Per far questo è necessario che il processo di selezione sia rigoroso: «L'analisi delle
proposte è durata un paio di mesi – dice Marco Bolzoni, responsabile risorse umane di Ing Bank Italy – e abbiamo coinvolto le rappresentanze sindacali nella fase di scelta che ci ha
portato a preferire il fondo pensione Insieme di Allianz.
Abbiamo analizzato costi, rendimenti e soprattutto i servizi: la nostra priorità era di poter contare su un call center pronto a rispondere alle esigenze dei dipendenti». La previdenza come benefit aziendale, dunque, con livelli di contribuzione datoriale superiori a quanto previsto dai rispettivi contratti di categoria.
Ci sono realtà che si sono mosse già prima dell'entrata in vigore della riforma Maroni:
Cassa Depositi e Prestiti, ad esempio, ha stipulato nel 2006 un accordo con Seconda Pensione di Crédit Agricole, anche in questo caso al termine di un processo decisionale che ha visti coinvolti azienda e sindacati. Al fondo aderisce ora oltre il 92% dei quasi 400 addetti di Cdp, per un patrimonio conferito pari a 2,7 milioni di euro. Diverso il discorso riguardante la filiale italiana della Disney, in cui una parte non trascurabile di dipendenti già era iscritta a fondi pensione preesistenti:
Previndai e il Fondo Giorna-listi, tra gli altri, ma anche qualche Pip. Meno facile, dunque, considerare il fondo aperto come aziendale, anche se si è deciso ugualmente di tentare l'adesione plurisoggettiva per provare a semplificare le problematiche amministrative.

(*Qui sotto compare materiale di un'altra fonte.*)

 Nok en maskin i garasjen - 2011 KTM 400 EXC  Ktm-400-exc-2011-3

Inoltre, poco più della metà dei dipendenti della Walt Disney Company Italia, il 52,5% del totale, ha deciso di lasciare in azienda il proprio trattamento di fine rapporto maturando.

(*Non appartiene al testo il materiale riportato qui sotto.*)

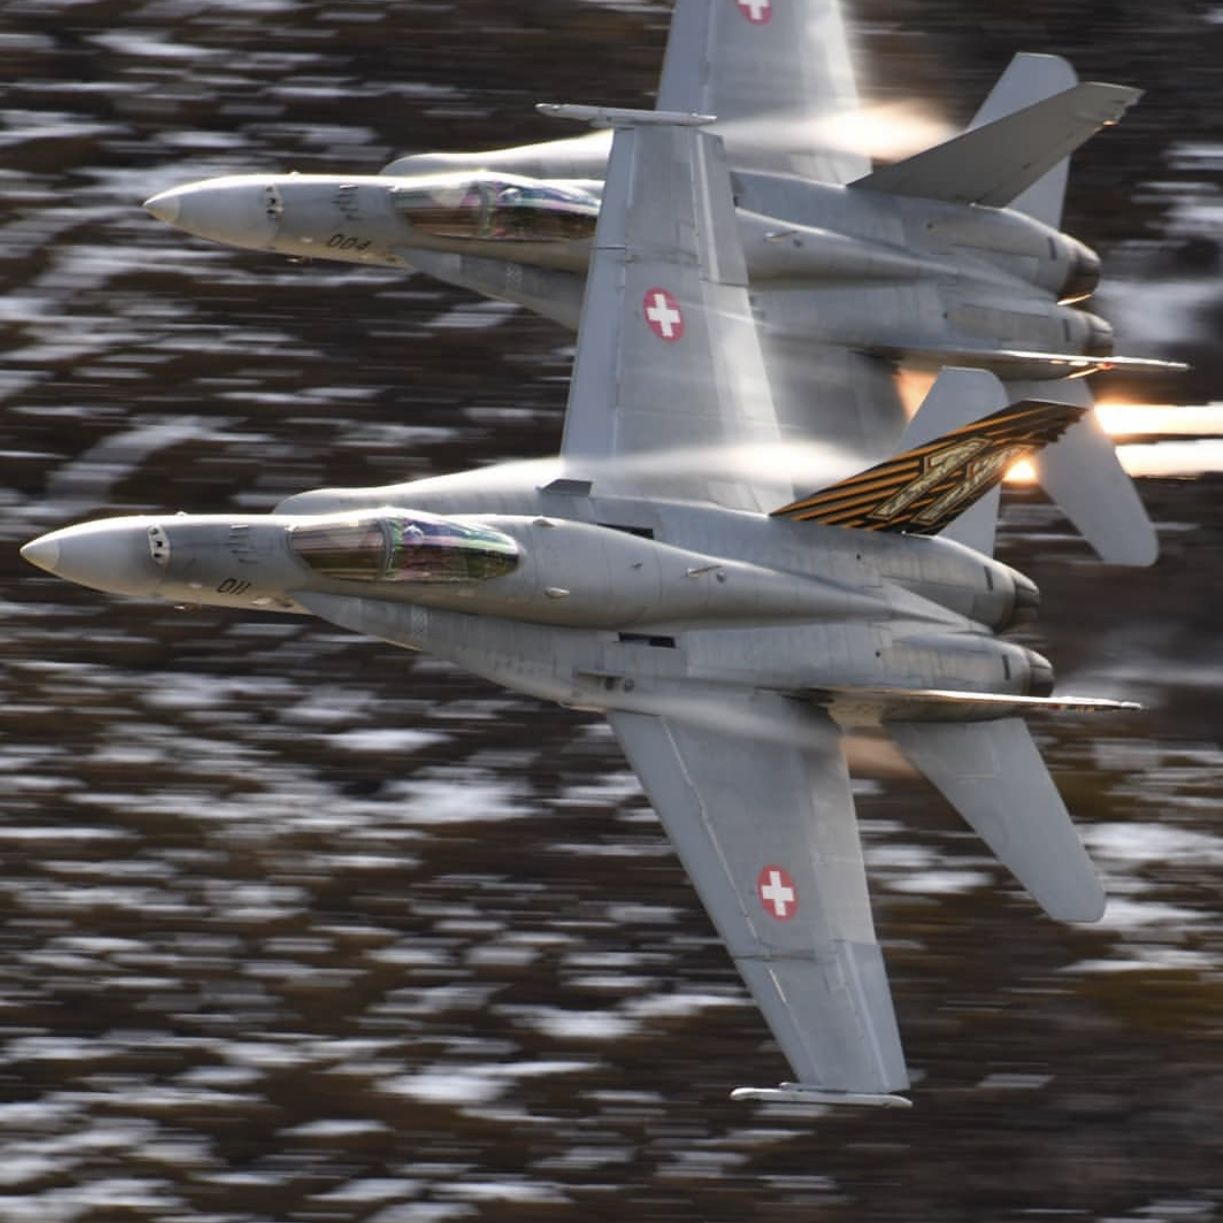 Обои A-10, Hawx, jet. Авиация foto 12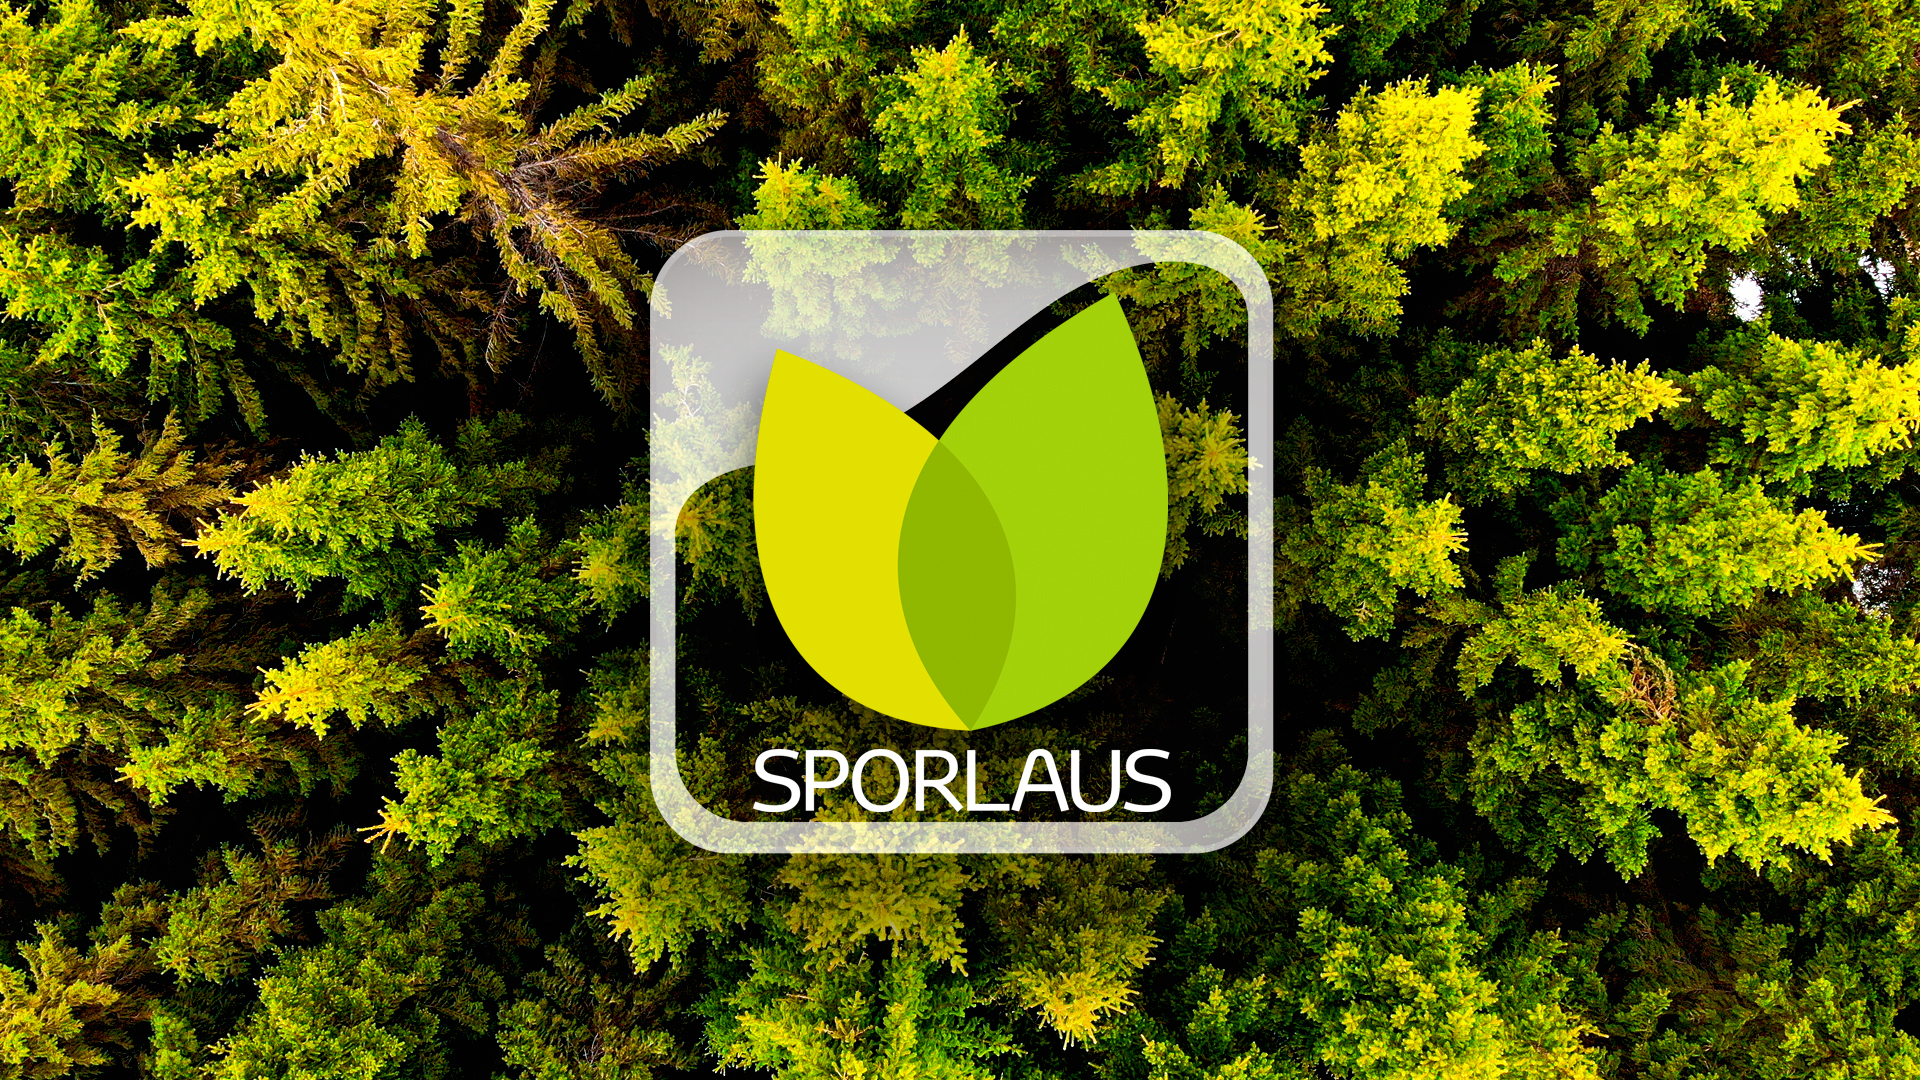 Sporlaus

Tuttavia, oltre la metà di coloro che hanno optato per una pensione di scorta nel 2007 hanno scelto il fondo indicato dalle parti: il 28,8% sul 43,2% di previdenti in forza alle pubblicazioni multimediali di Topolino e co., versano i loro contributi a Previgen Global, il fondo aperto di Generali destinato alle adesioni collettive. Ancora diversa la scelta operata all'interno di Bmw: i fondi scelti per l'adesione collettiva sono stati due. I dipendenti italiani della casa automobilistica tedesca potevano aderire al Seconda
Pensione di Crédit Agricole o ad Arca oppure al fondo pensione di categoria, Fon. te, il negoziale del commercio. Hanno aderito al primo il 20% degli addetti di Bmw, al secondo l'8,5% e al terzo il 15%; meno della metà, il 43,5%, ha optato per mantenere il Tfr in azienda.